WHAT TO PRODUCE:
Reproduce every line of the material below exactly. No pictures belong in the copy.

RECORDED INFORMATION:
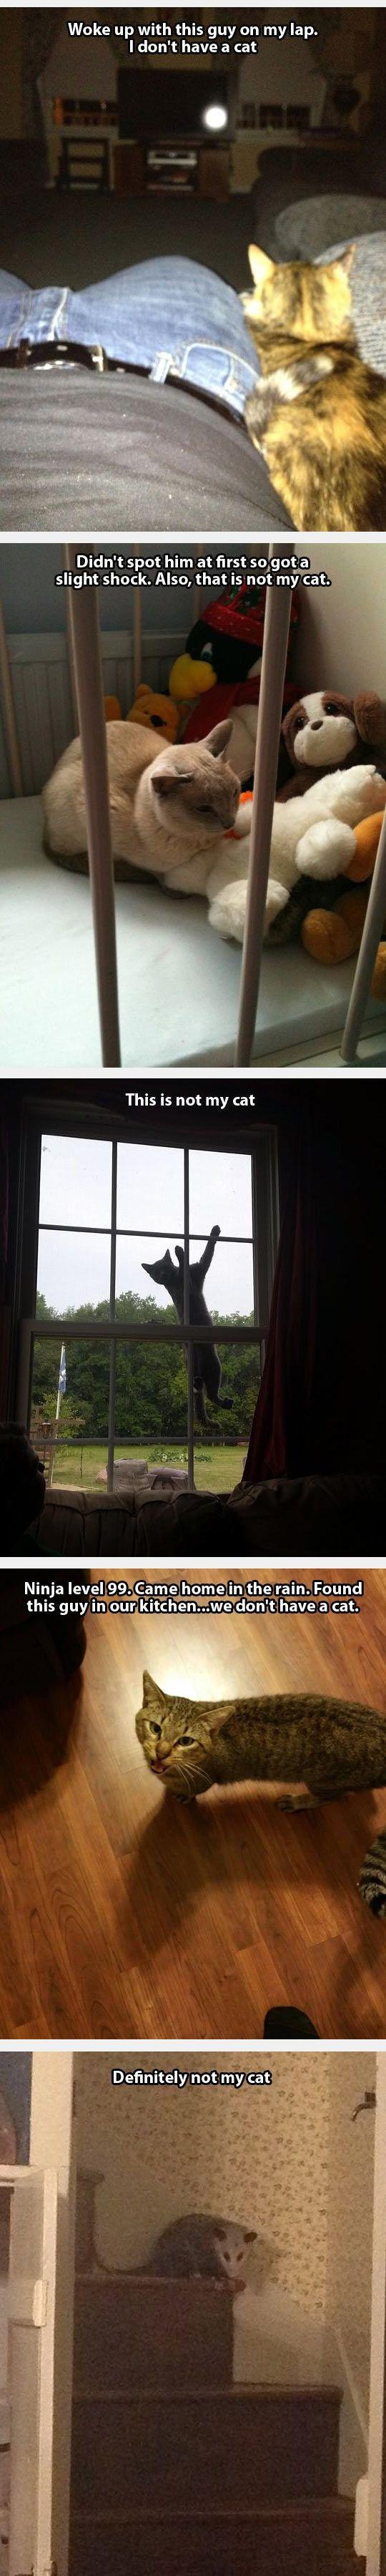 Not my cat
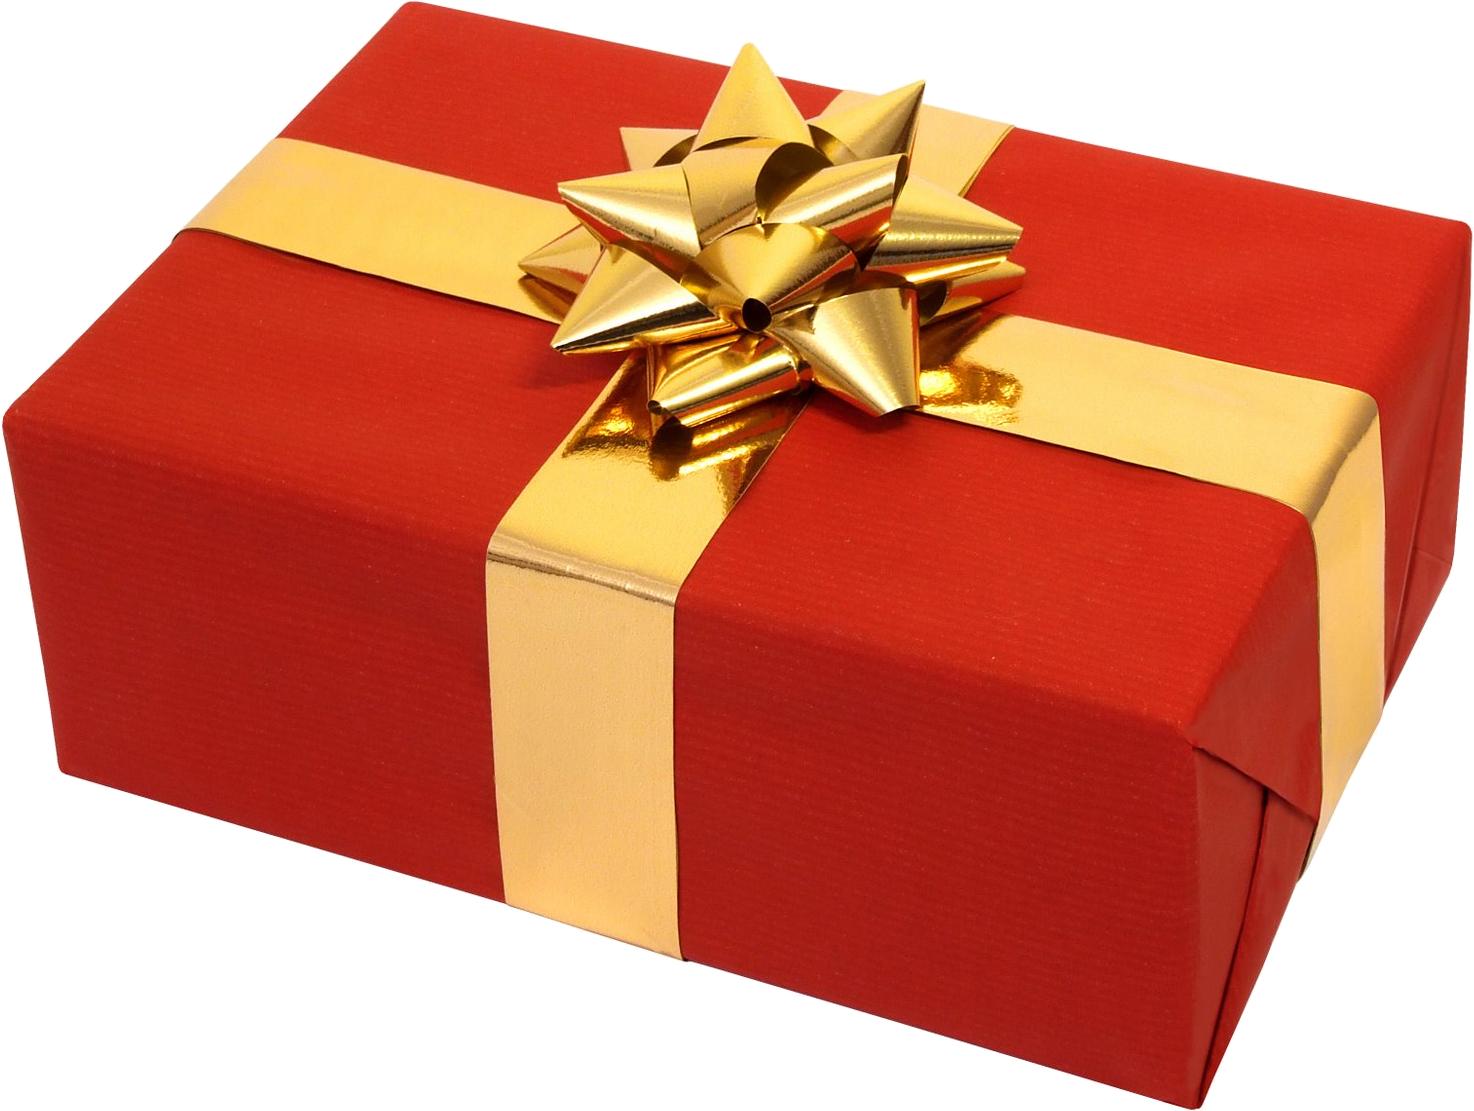 Gift Box Png Transparent image #39668
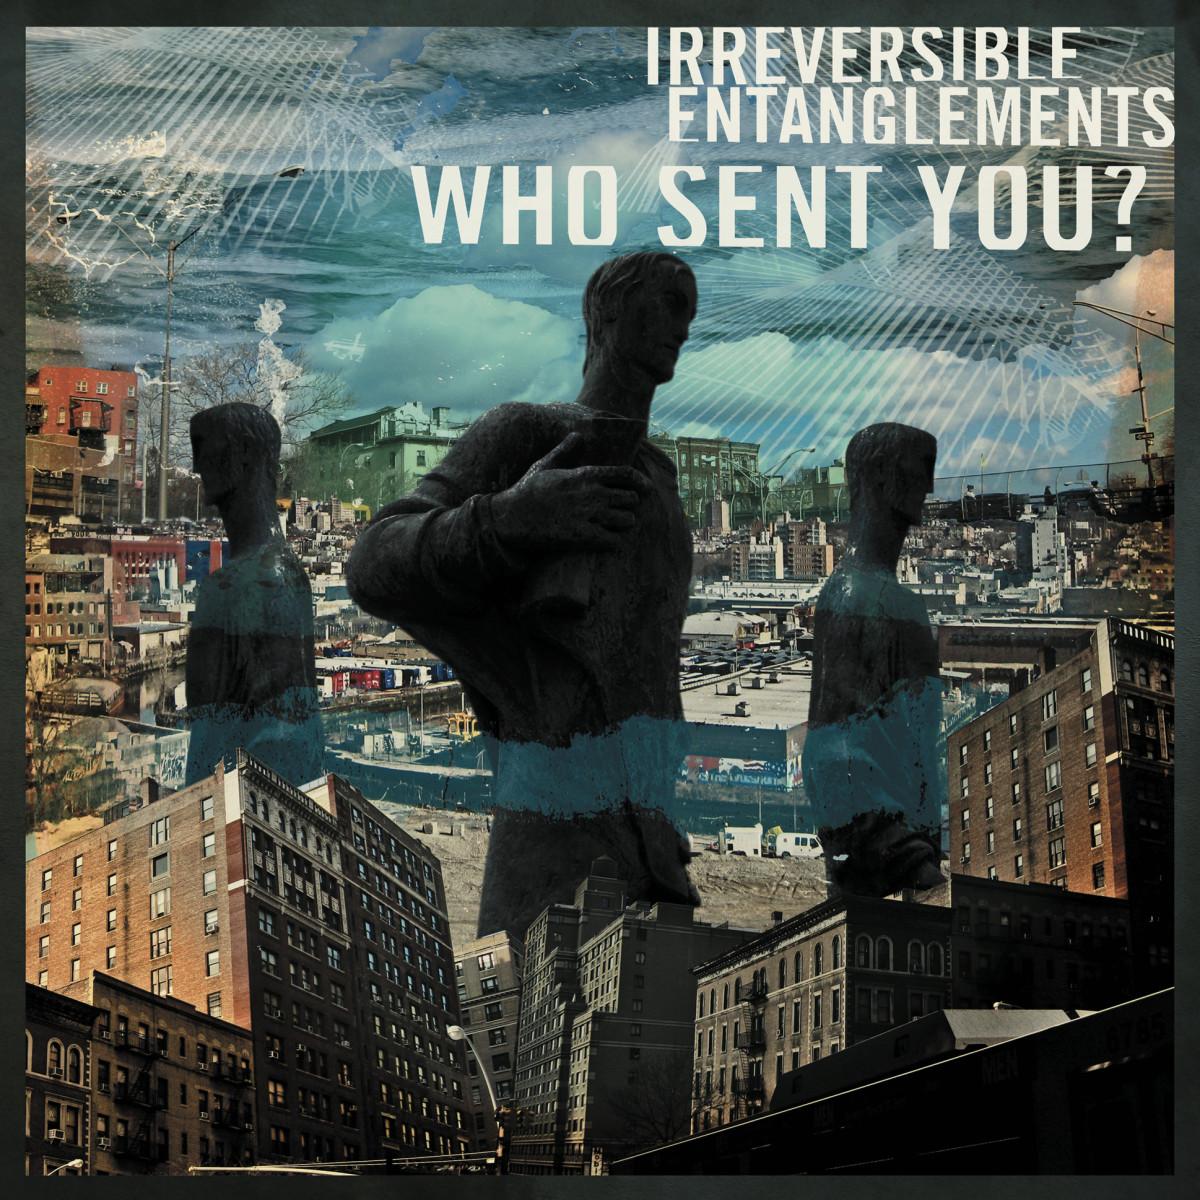 Irreversible Entanglements new album Who Sent You
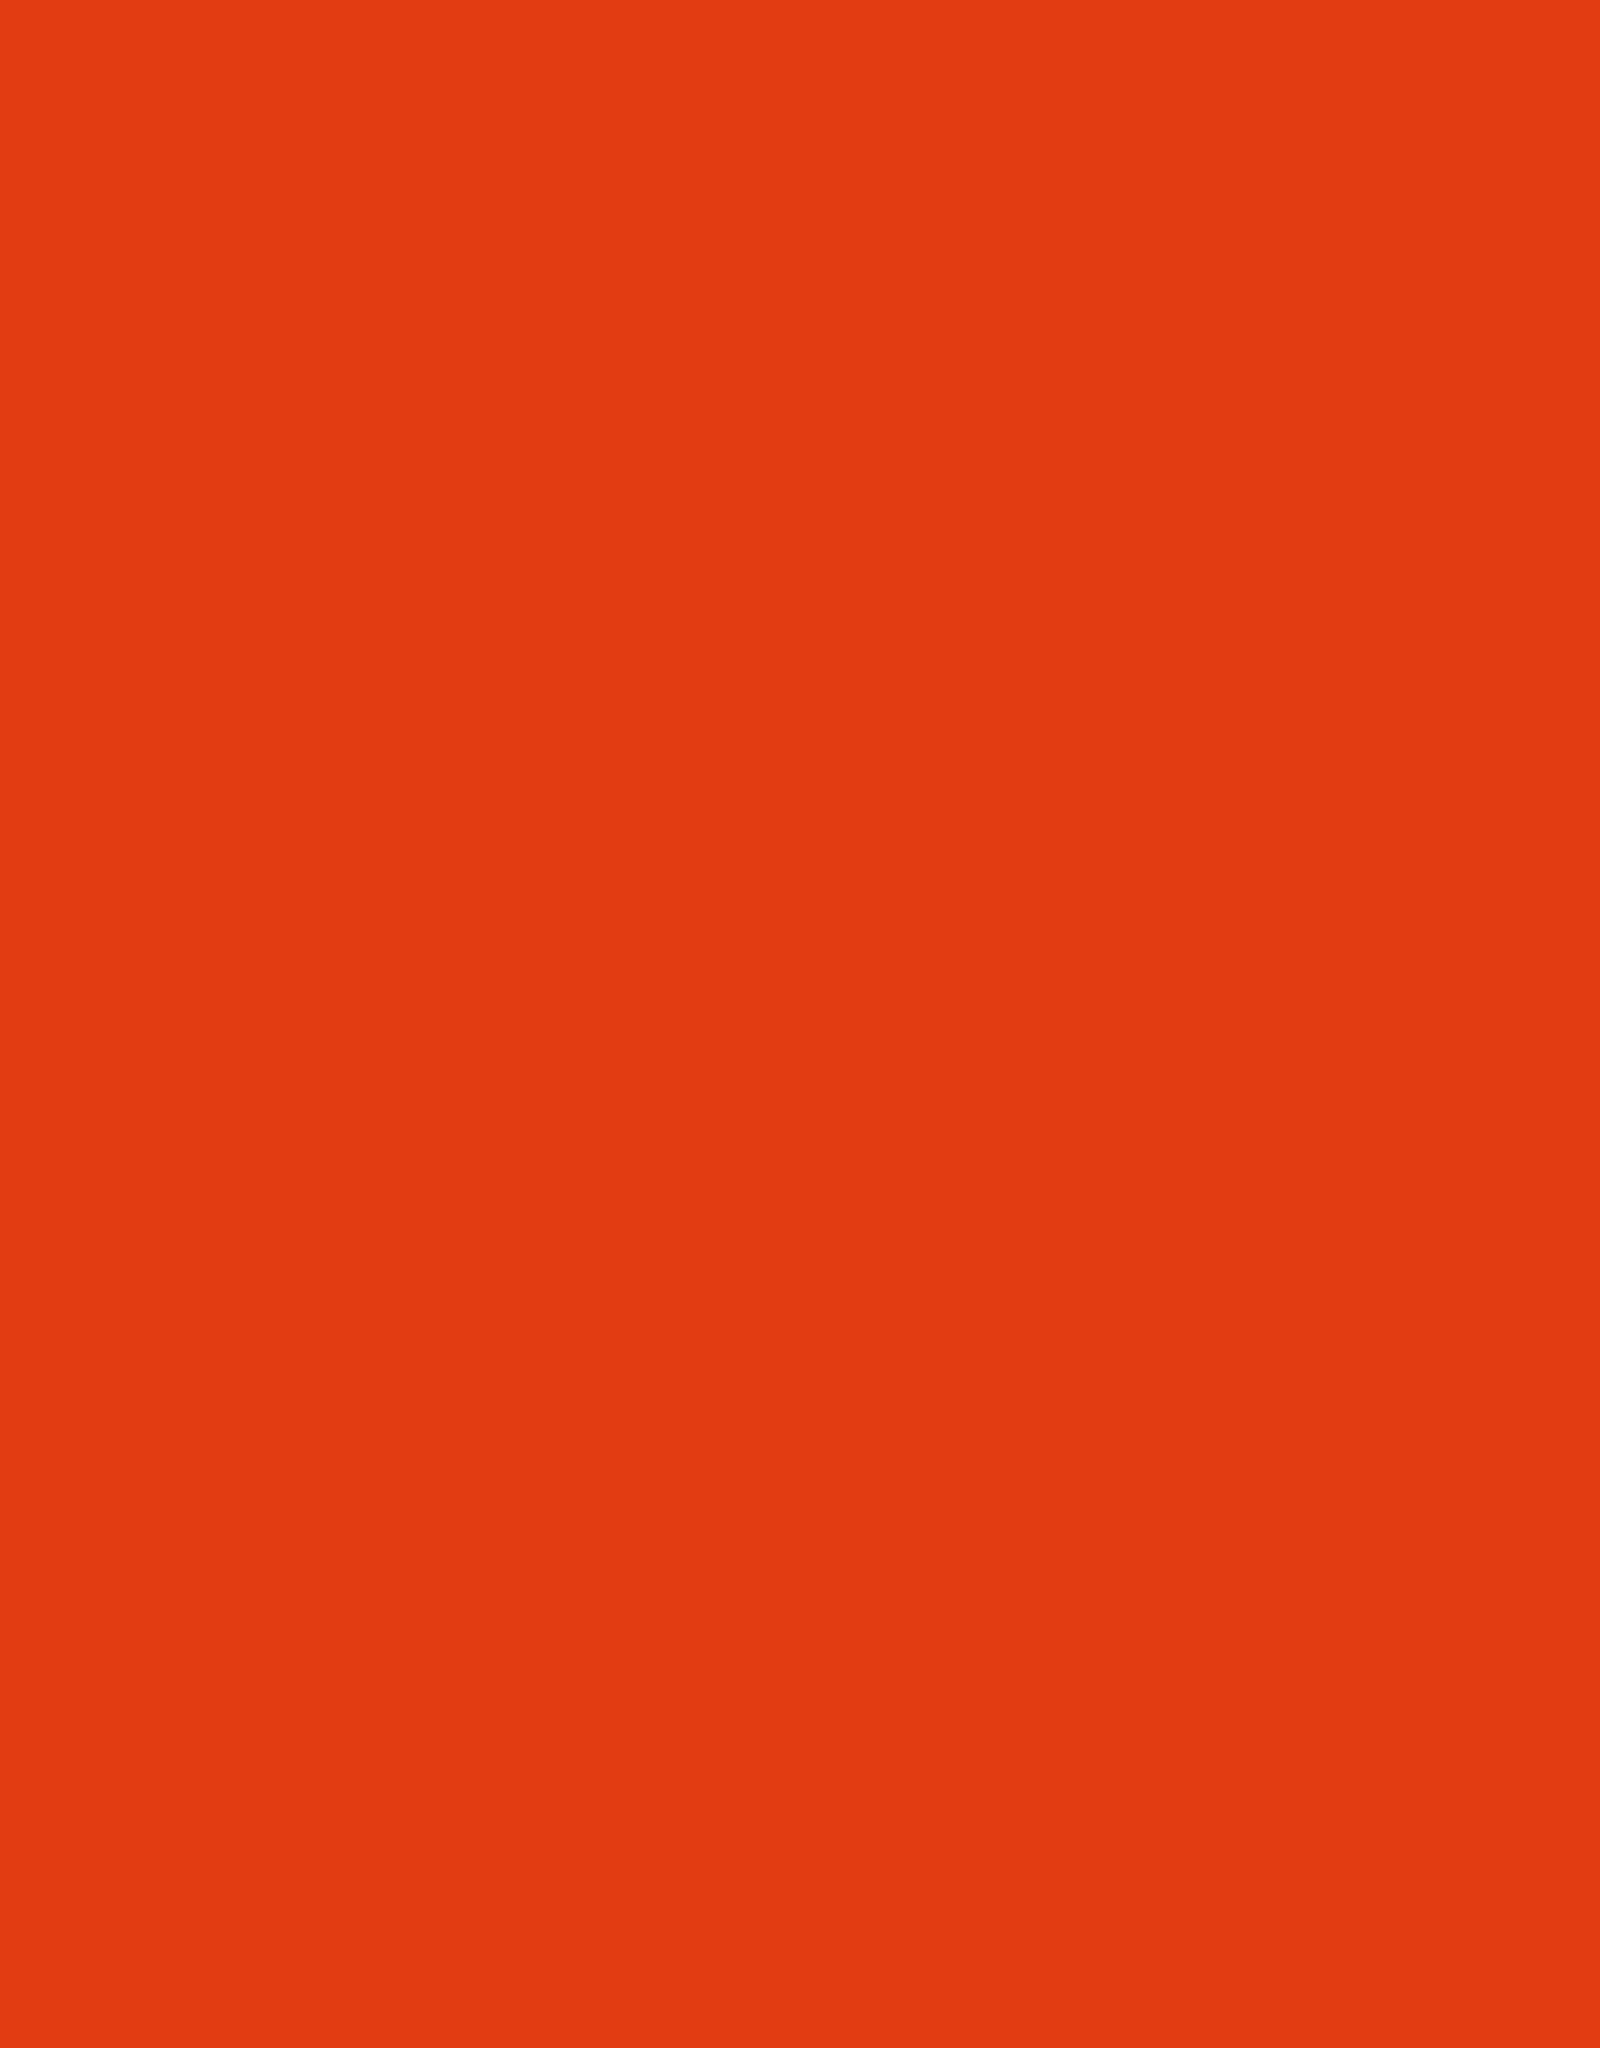 Trapsuutjies Textile Paint Orange

RESPONSE BELOW:
 Not my cat
 Gift Box Png Transparent image #39668
 Irreversible Entanglements new album Who Sent You
 Trapsuutjies Textile Paint Orange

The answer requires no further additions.